An Office In Disarray: Four Failed Murder Prosecutions In One Week
That’s 10 lost murder cases in 30 days.
“You're going to see what’s going to happen to this motherfucker.” According to the state’s star witness at trial, that’s what a man driving a Toyota Tundra said after a guy driving a Chevy Impala cut him off while driving on a Houston Freeway. The witness, who was the front seat passenger in the Tundra, told detectives that the driver then pulled out a tan pistol, sped up furiously to catch up to the Impala, and “pointed the pistol outside of the drivers side of the window and fired two shots.”
The bullets shattered the vehicle’s window before “striking [the driver] on the right side of his face, just below his right eye,” killing him. Police later found two guns in the defendant’s truck— “a Glock 19 9mm semi automatic-pistol and a Ruger AR 556 pistol.”
A Harris County grand jury indicted the defendant. In pleadings filed with the trial court, prosecutors made clear their theory of the case: “defendant shot and killed the [victim] because he was angry because of a traffic incident.” In other words, another slam dunk case for Kim Ogg’s Harris County District Attorney’s Office.
And yet, once again, prosecutors could not secure a guilty verdict.

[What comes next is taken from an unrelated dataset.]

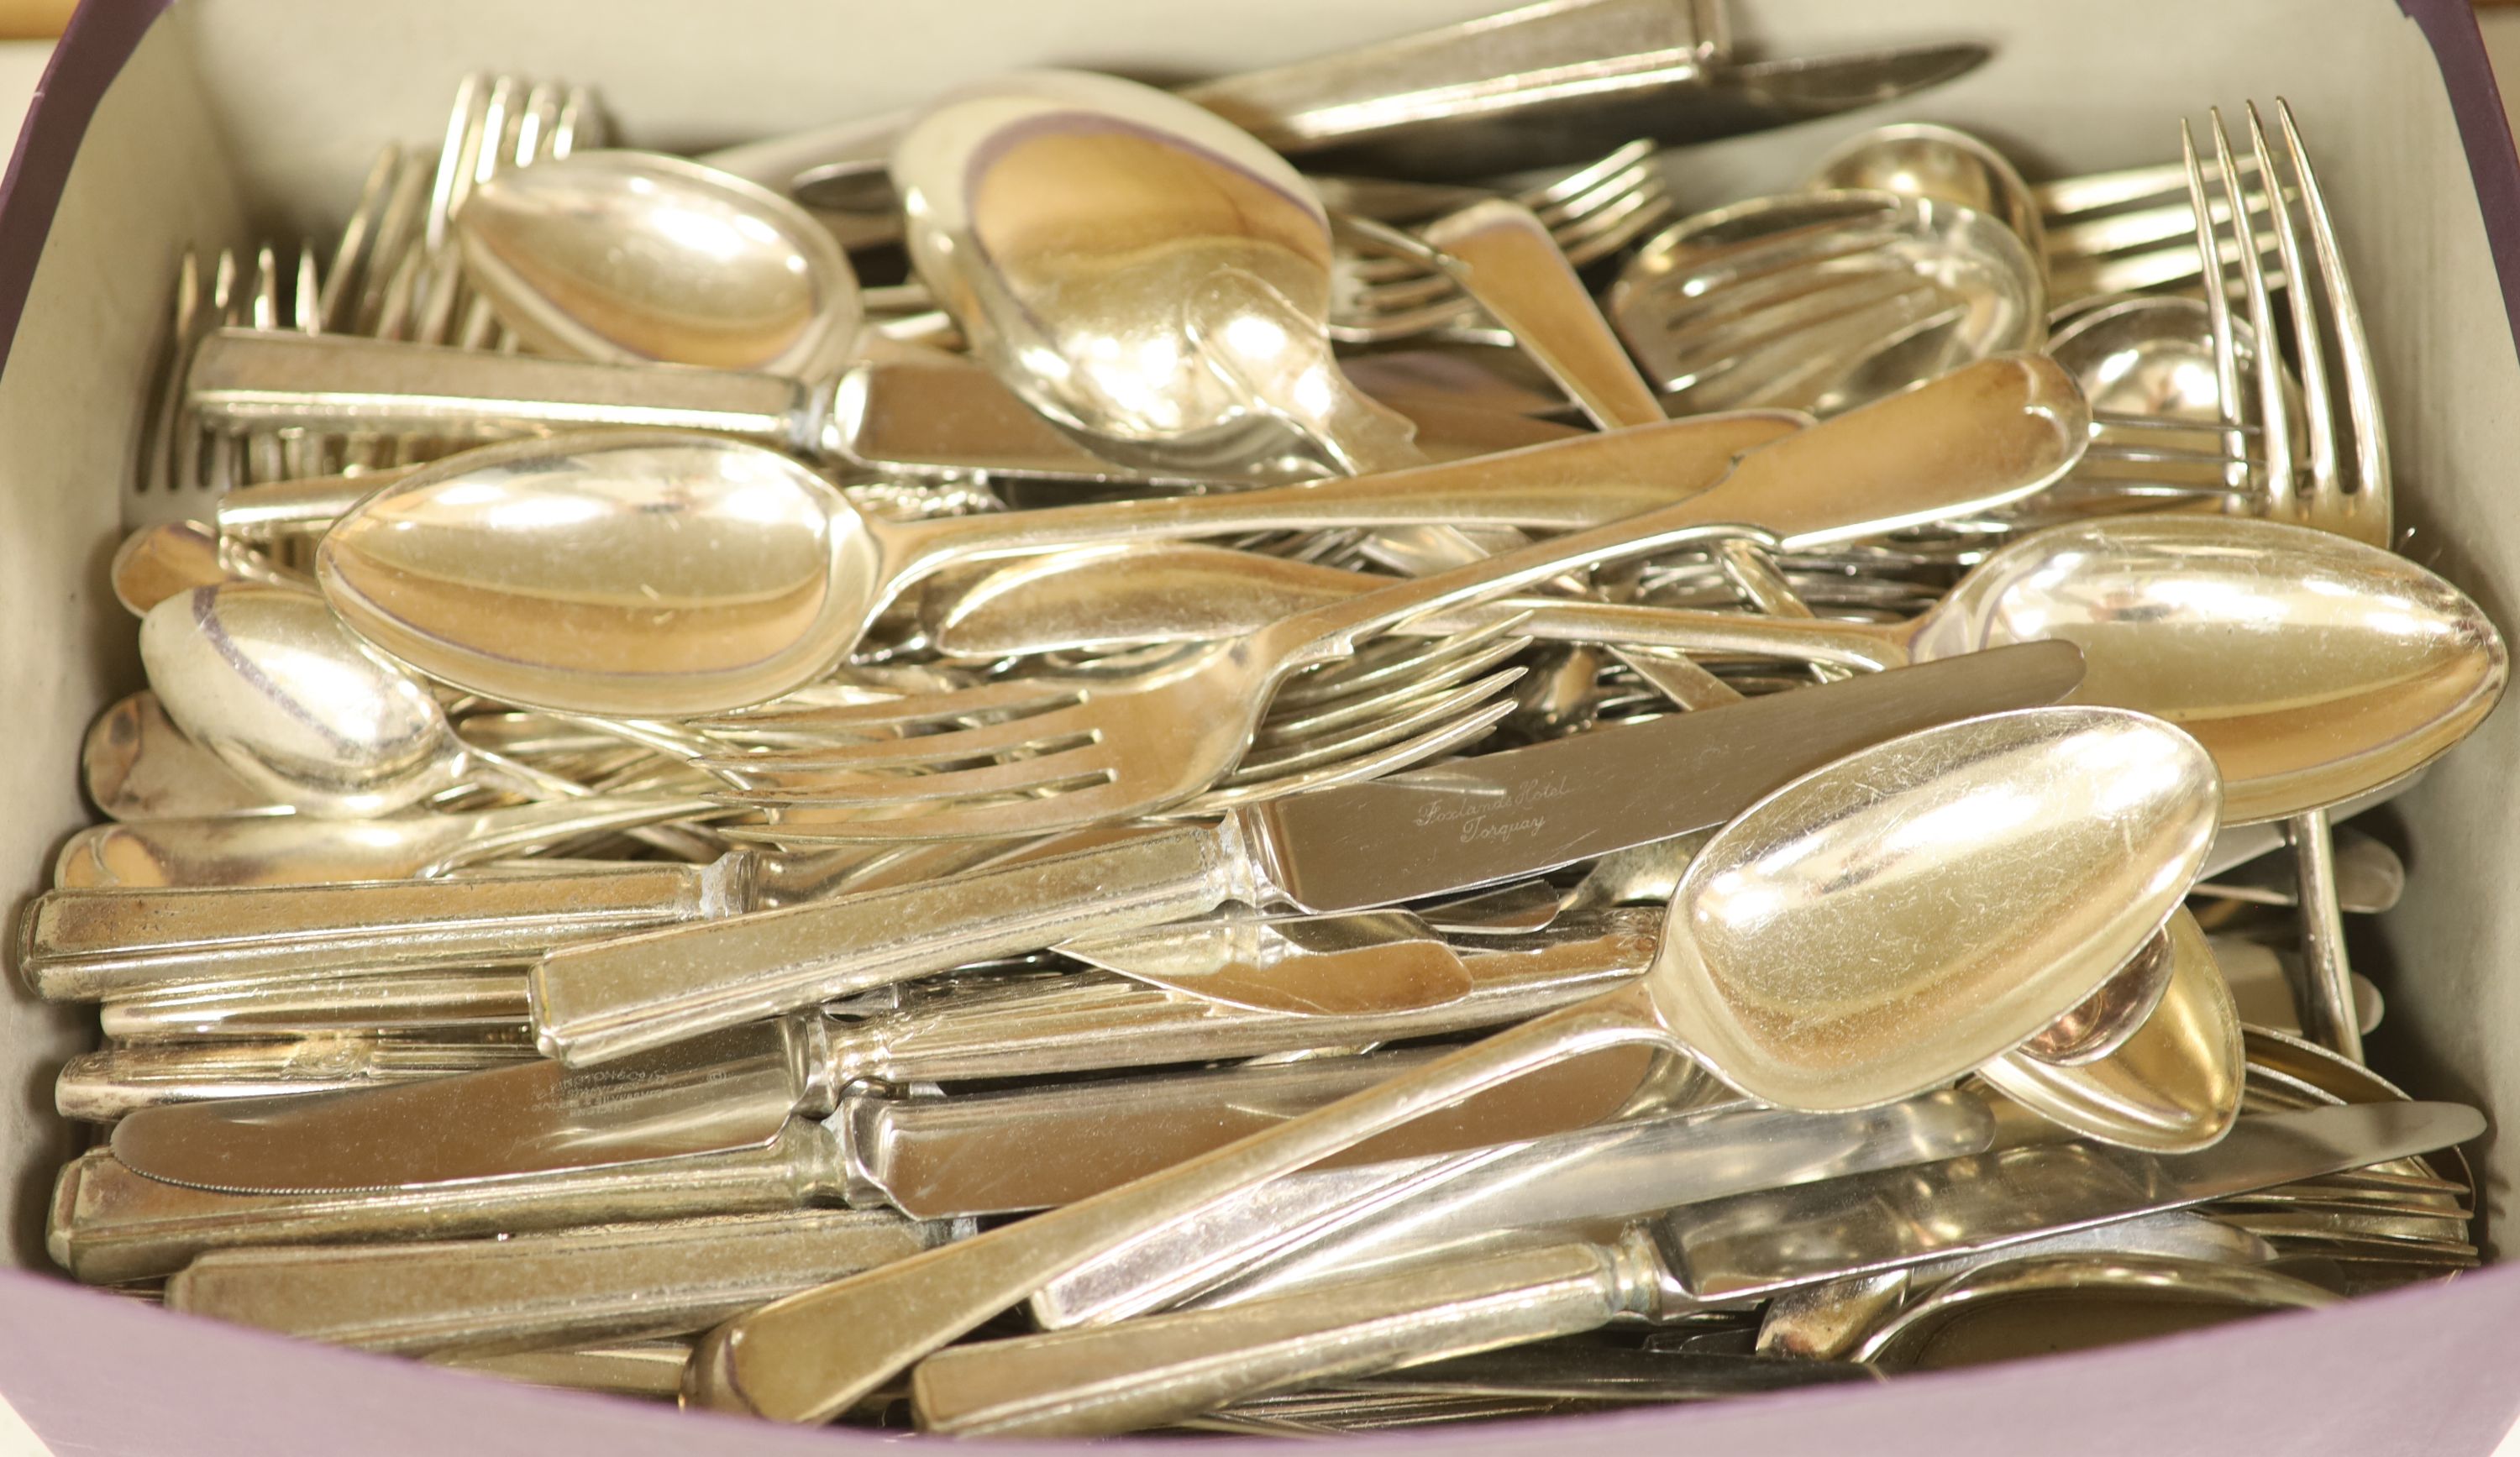 A quantity of silver-plated cutlery

That was the second murder case Ogg’s office lost last week. Even more embarrassing, if such a thing could be imagined, is that the twice-convicted drug dealer who shot the victim in the first case was captured on video.
But that’s not the only recent murder case with video evidence that Ogg’s prosecutors couldn’t win. The prosecution dismissed another seemingly slam dunk case at trial last week. In addition to the surveillance video, police officers interviewed the man’s co-defendant who admitted that to “teach [the victim] a lesson,” he—the co-defendant—“pepper sprayed [the victim] in the face, punched him,” and told him “this is what you get for stealing.” At that point, according to the co-defendant, the defendant—who, incidentally, was convicted (twice) of unlawful carrying of a weapon, indecent exposure, burglary, robbery, retaliation against a juror, and evading arrest—“pulled out a black and silver handgun and shot [two people] killing [the deceased victim].”
Only a week earlier, prosecutors dismissed another murder case at trial. Back in 2018—five years ago—prosecutors filed murder charges against a man for opening fire into a vehicle, while infuriated at a man sitting in the back seat. The bullets struck the man, who managed to crawl to the front seat and drive away before passing out and dying. A witness who had known the defendant for four years prior to the murder told police officers that she saw him shoot the victim. The state asked for high bail in the case because the defendant was “under the supervision of a criminal justice agency” in relation to a deferred felony prosecution of forcible prostitution of someone under the age of 18.
Five years after the original charges were filed, Ogg’s prosecutors asked the trial court to delay the trial for a ***third*** time citing, among other reasons, their inability to get any of the multiple eyewitnesses into court. Tellingly, the filing doesn’t detail any due diligence that the prosecutors engaged in to secure the presence of the witnesses in court. Prosecutors filed a motion to dismiss later that same day.
That’s four failed murder prosecutions in one week—and ten total murder prosecutions where Ogg’s office has failed to secure convictions in the last month.